What to work on ->
Copy, please, the line with "Castello di Marienburg, Bassa" and each line that follows it through the end of the data below, exactly as given and without pictures.

Source data ->
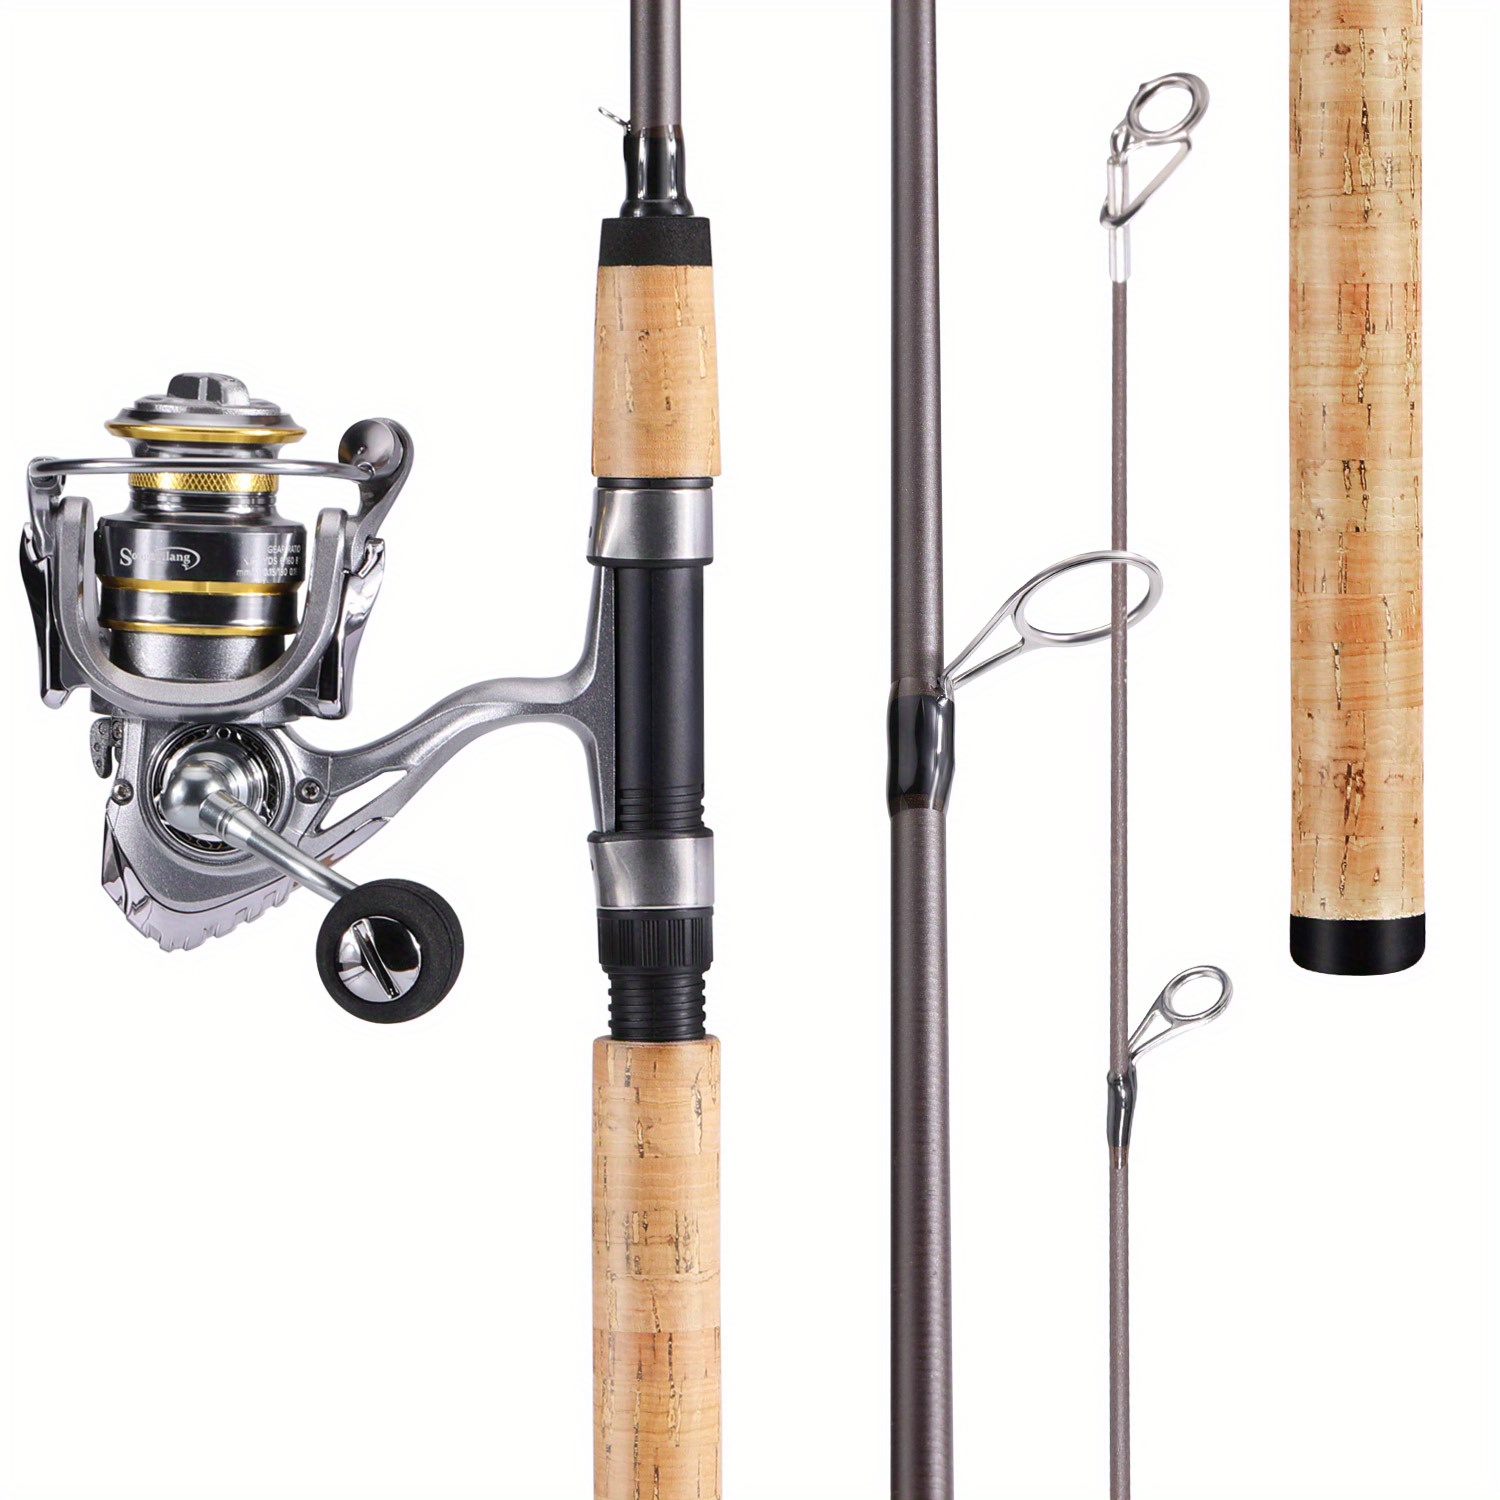 Richcat Fishing Poles and Reels Combo, Fishing Rod and Reel Kits
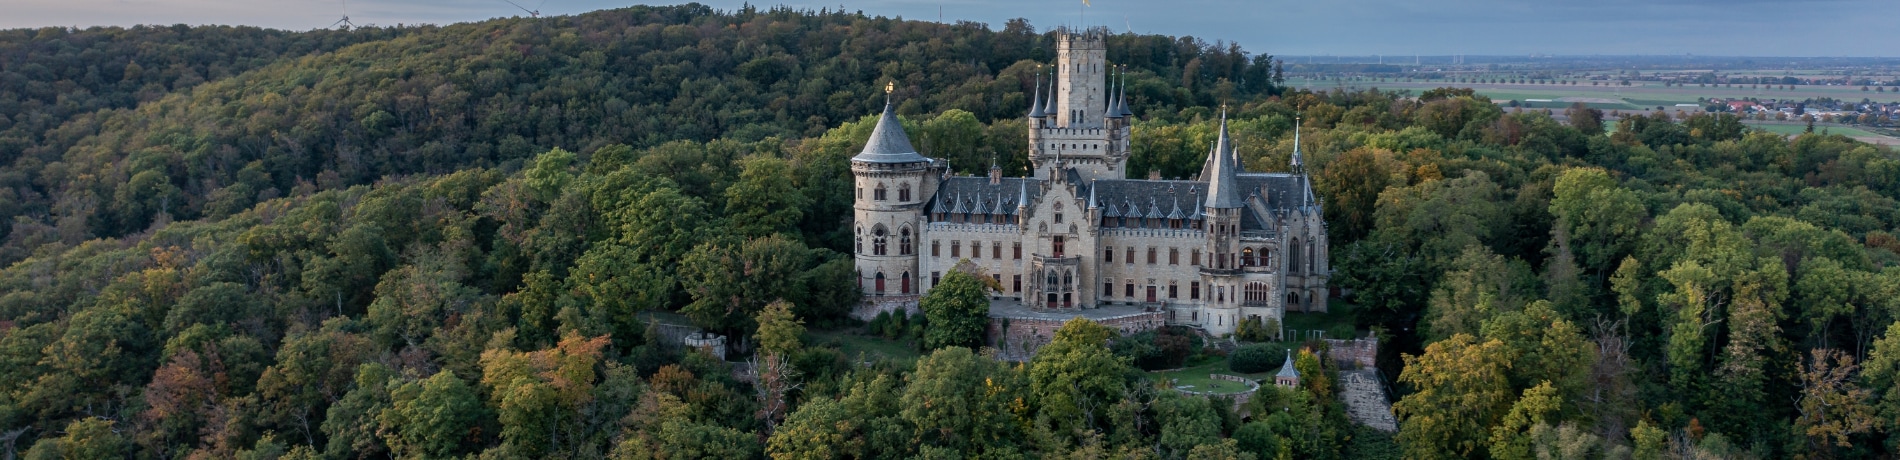 Castello di Marienburg, Bassa Sassonia, Germania | Eden Viaggi
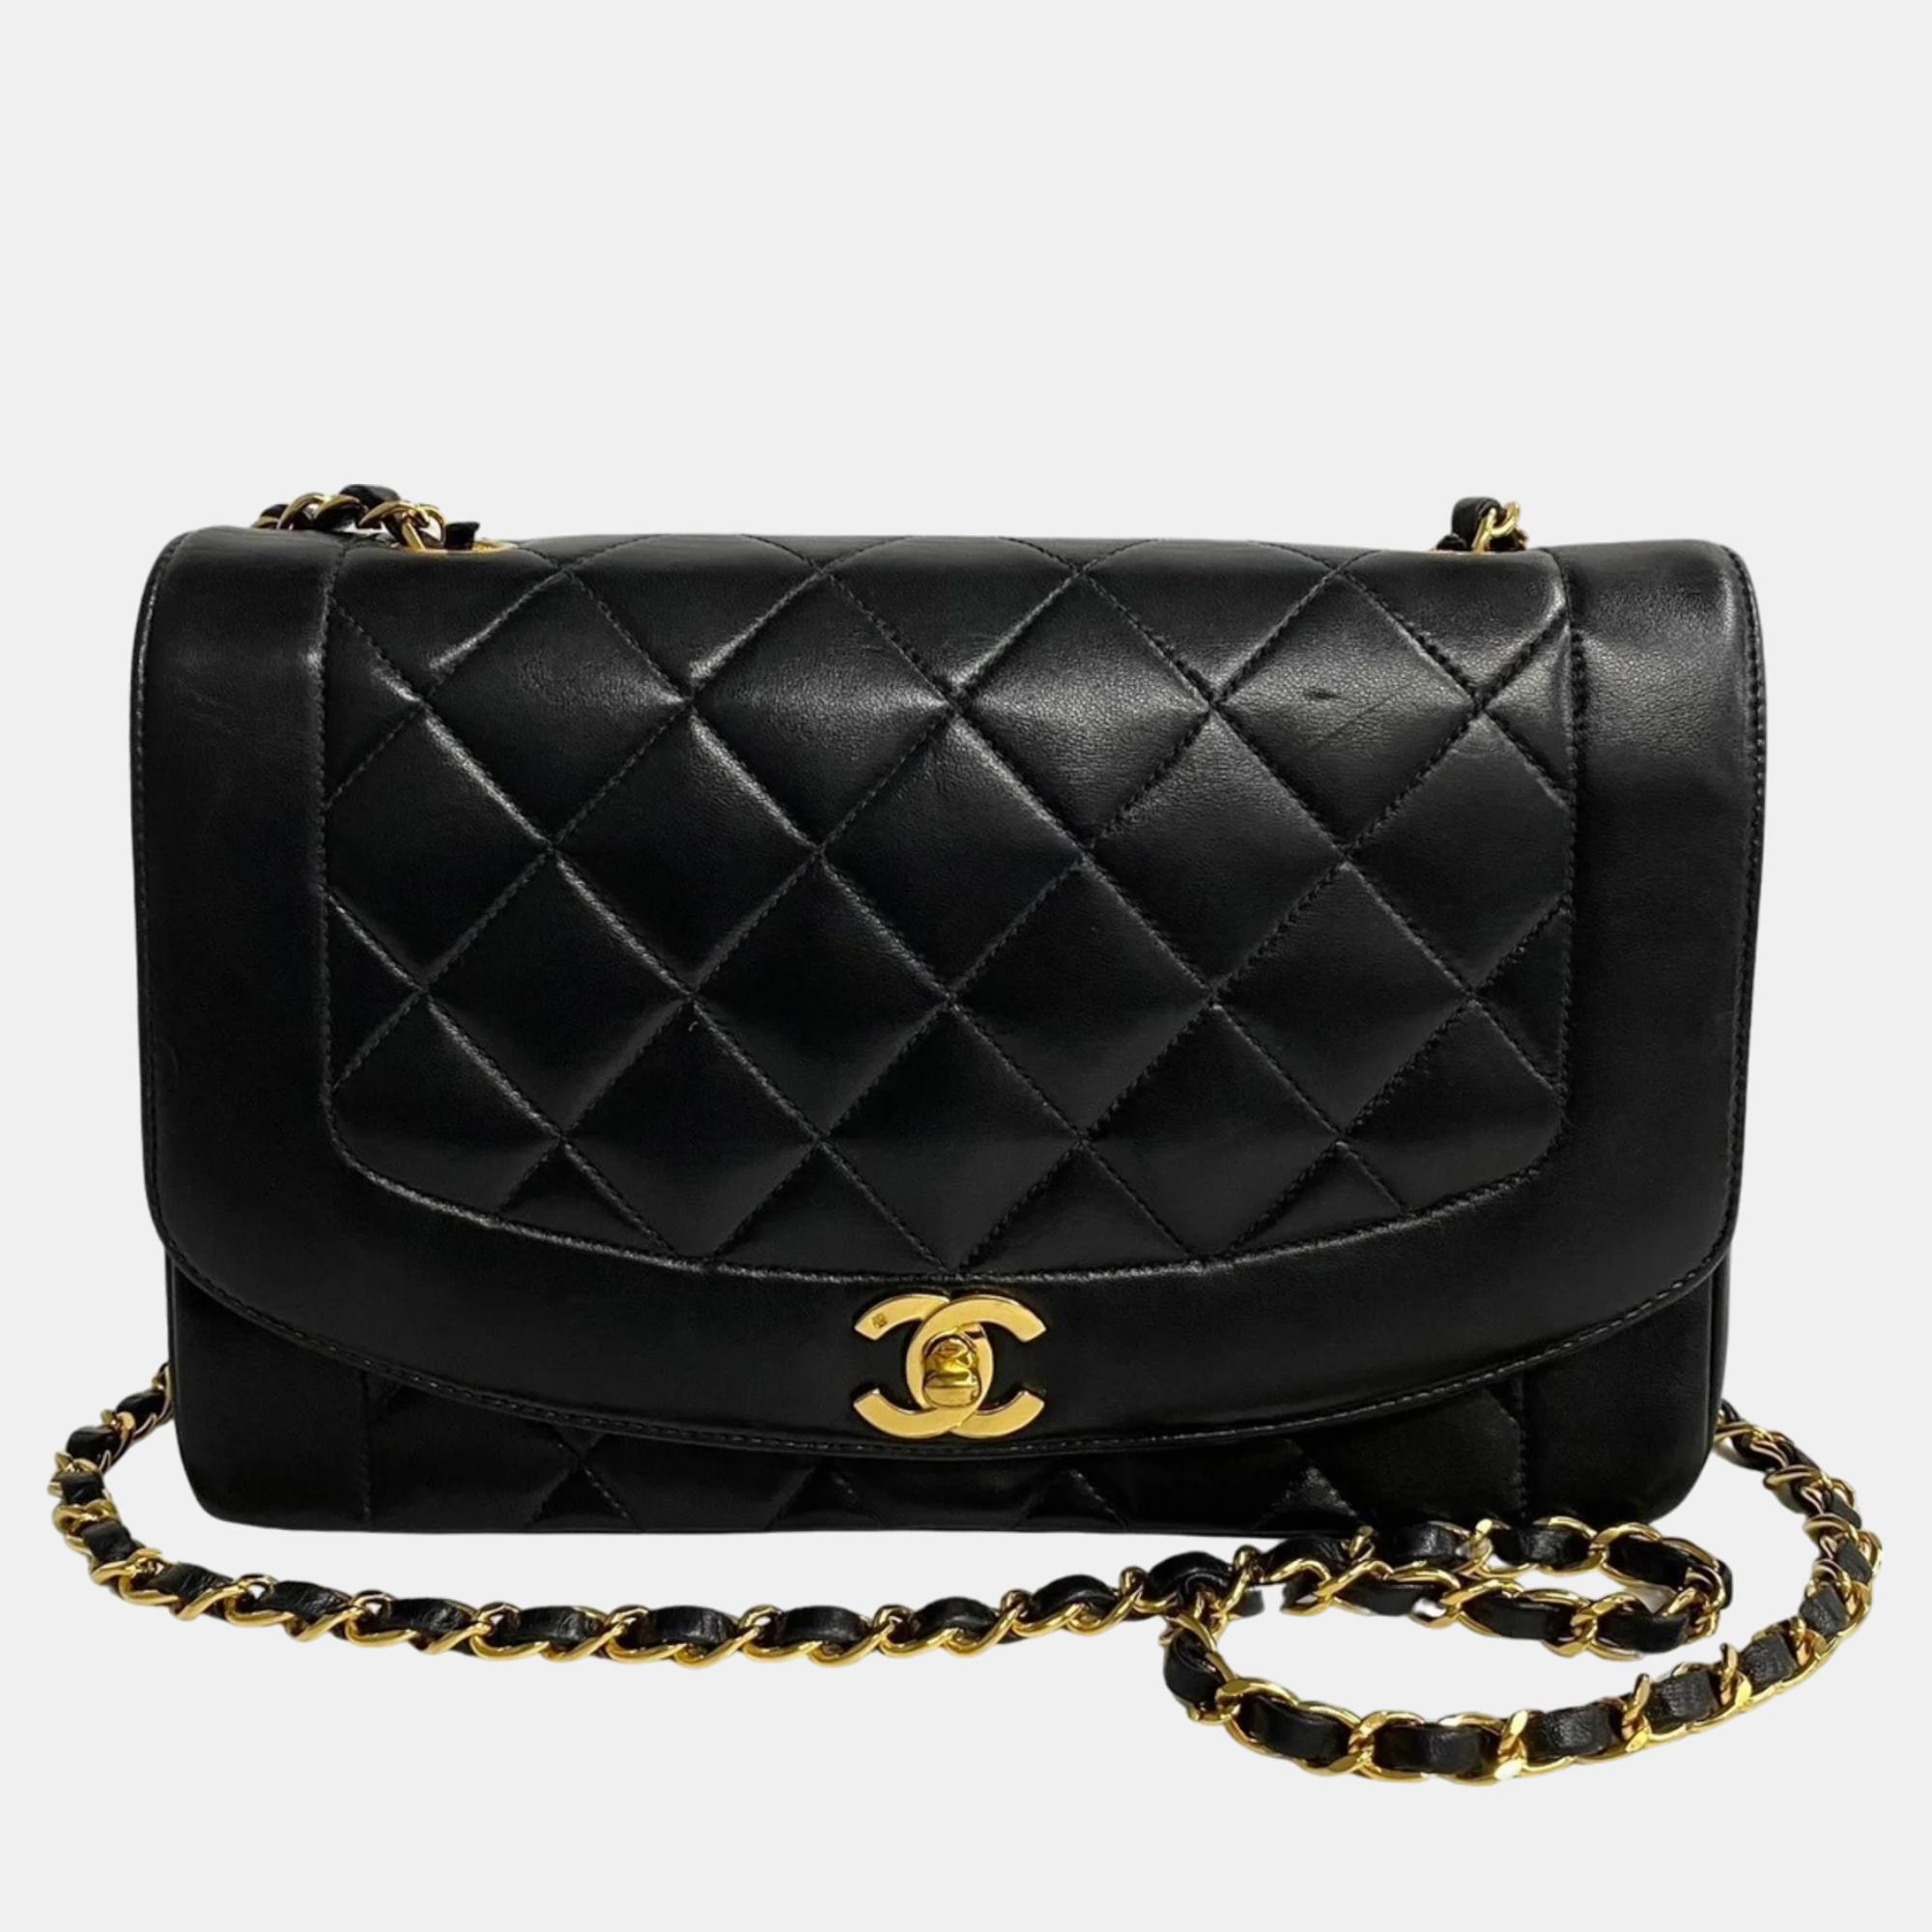 Chanel black lambskin leather medium diana flap shoulder bag

Result of the exercise ->
 Castello di Marienburg, Bassa Sassonia, Germania | Eden Viaggi
 Chanel black lambskin leather medium diana flap shoulder bag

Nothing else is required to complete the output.